The owner would like to install a pool system which is a panelized pool system similar to these here:
The village requires the pool to be designed for full and empty conditions.

The panels are 42" tall but the pool is 8' deep. The pool is only lined with 2" poolcrete so there is a large unsupported span. See the attachment sketch (sorry its very rough). According the installation contractor and a couple manufactures pools are installed like this quite frequently and have been left empty for a number of months.

Has anyone seen this before? How does a 2" unreinforced 'retaining wall' work here? Some sort of plate/shell action?
Even if this is not "certifiable" how are these systems stable in reality?

EIT
 
I've had this issue before as well where we, as "good engineers" want to design the pool for all loading conditions and these will include lateral earth pressure on an empty pool when they empty it in cold winters or to do painting/maintenance.

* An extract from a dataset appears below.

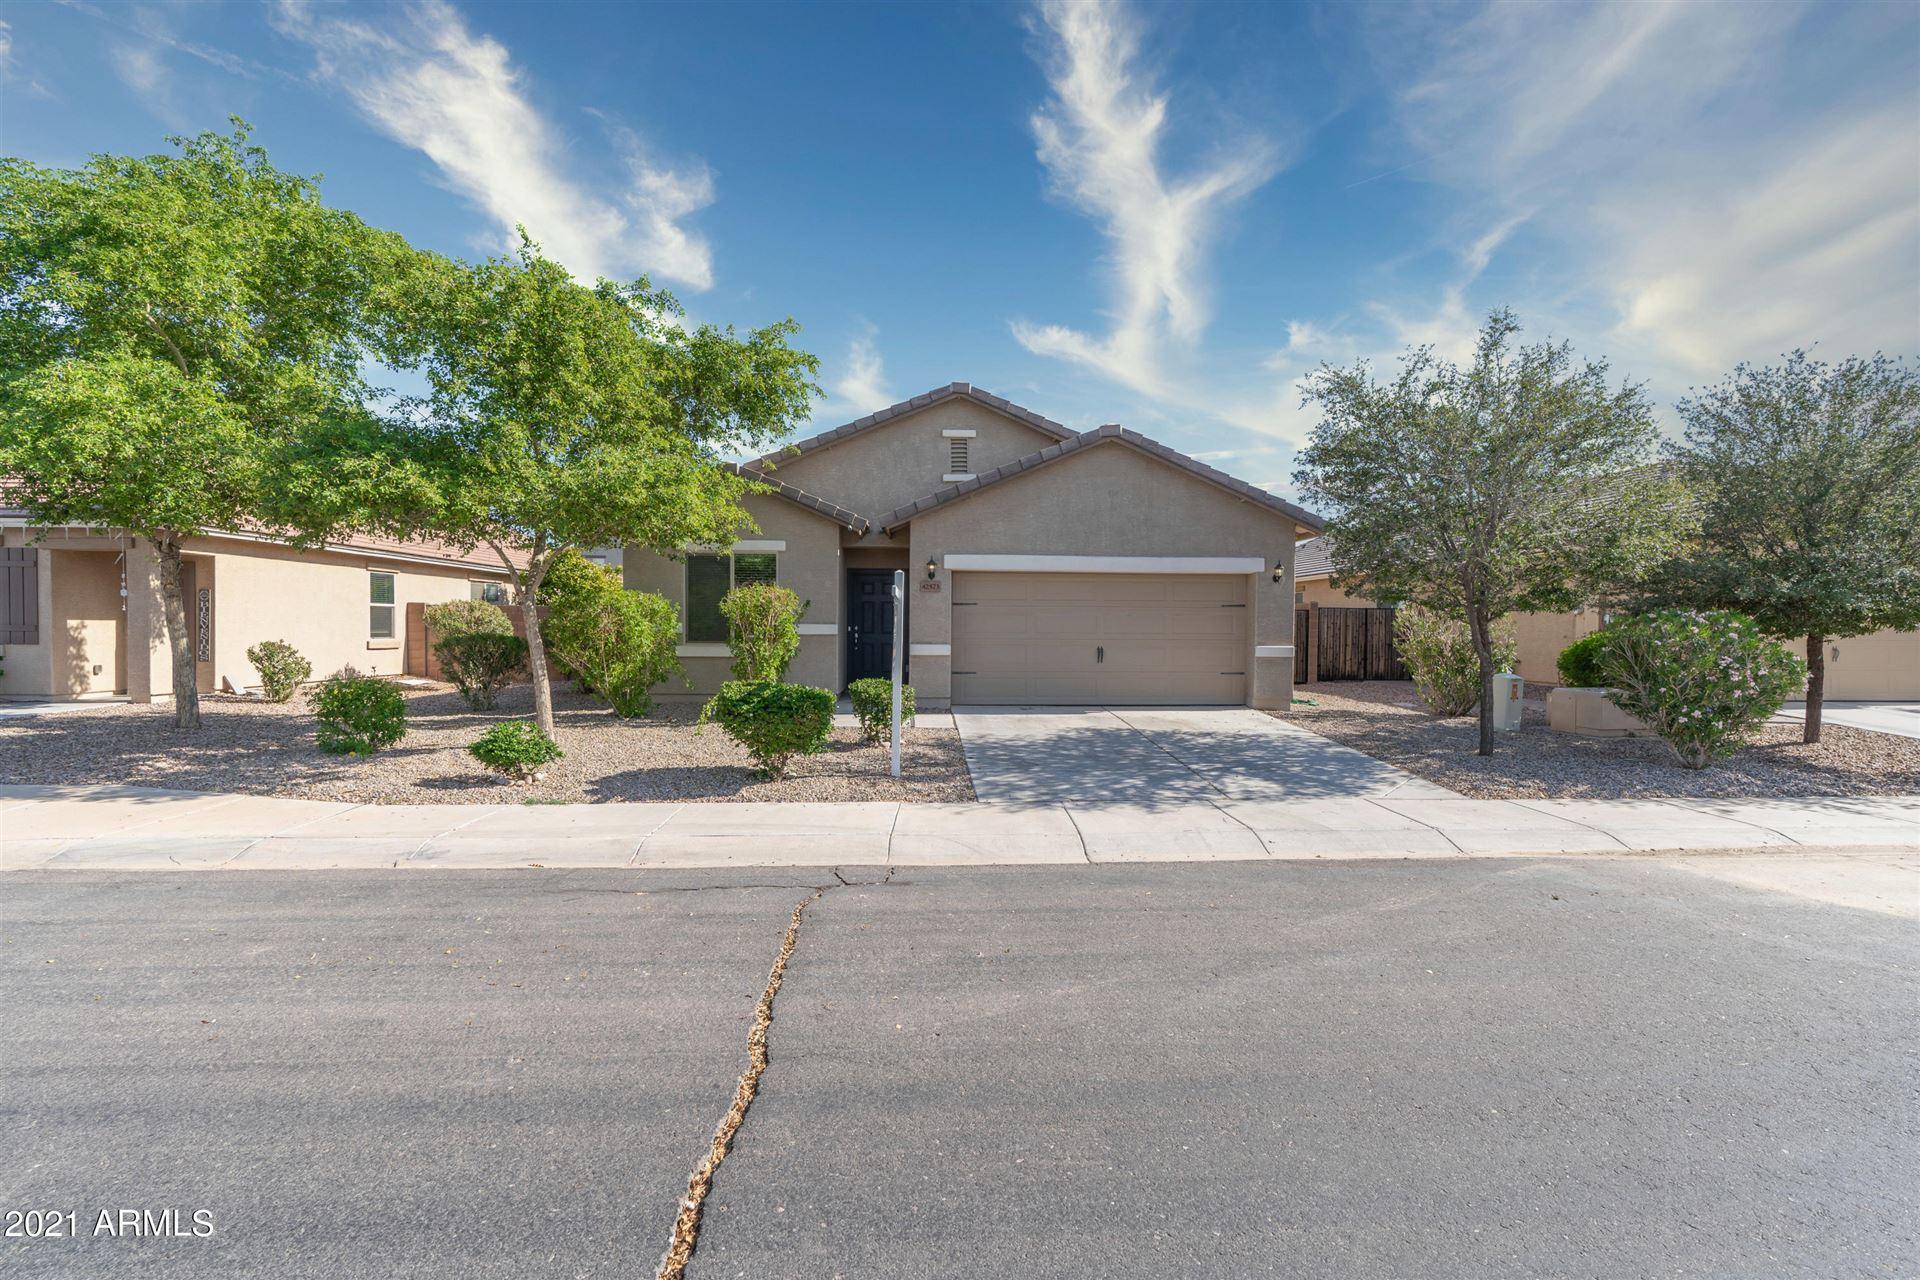 42573 W Sussex Road, Maricopa, AZ 85138 - MLS#: 6258049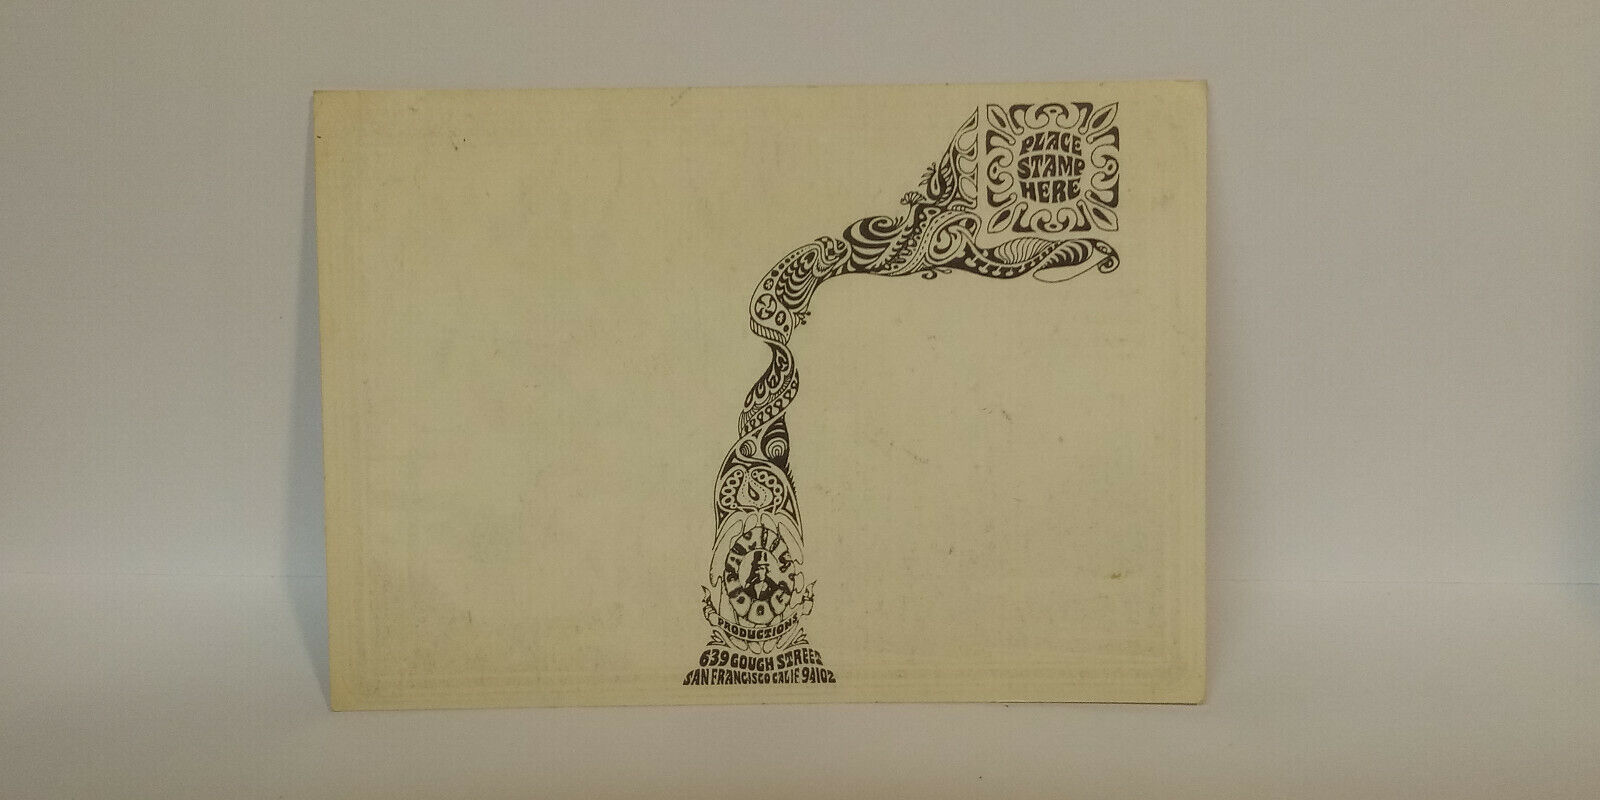 John MaYaLL Big Mama Thornton AVaLon BaLLrOOm FD137 1968 PoStcard - $9.95

There are a lot of pool companies that use the thin shotcrete concept which doesn't account for a full earth load on an empty pool. They are depending on the chance that the full lateral earth loads will never develop, or if they do, will develop slow enough such that the pool would be filled prior to any movement/cracking/failure.

If the village requires the empty pool loading condition, then this system doesn't work and can't be accepted.

 
FWIW, my father in law just built a pool with a similar system. At the deep end, the pool walls are not 8ft deep vertical down to a radius'ed bottom. Starting at the bottom of 42" panel, the bottom slopes at 45 degree angle to the bottom. Thus there might not be a vertically spanning "retaining wall" to worry about.

I'd contact the manufacturer and verify the detail at deep end.
 
PMR06 - Thats for the info. Also I did contact them and verify the detail, which leads to why I'm kinda baffled. I mean according them its done everyday, and its not like you see pools failing all over. And when they do have problems it is usually due to high ground water.

EIT
 
Personally, I would run away from this project. Seems VERY high risk, as I have no idea how that would work.

I just did a forensic job here in Florida of a pool that was maybe 4' deep that used some type of sheet/panel wall system. It bowed in significantly during TS Debbie when there was flooding. I don't know if the homeowner lowered the pool level, or just the submerged soil lateral pressure was enough to cause the failure.

The system itself seems OK if you do not exceed the depth of the panels and stay within the manufacturer guidlines.

Off topic- I think the deep pools have fallen out of favor. Having spent a significant time in and around them, hardly anyone uses the deep end of the pool. We will eventually put in a pool and I don't see the sense in going over 4-5 feet. Nobody is having a diving competition, mainly people are just standing around with a beer in hand hopefully....
 
Ask them to provide signed and sealed calculations for the project. There you go.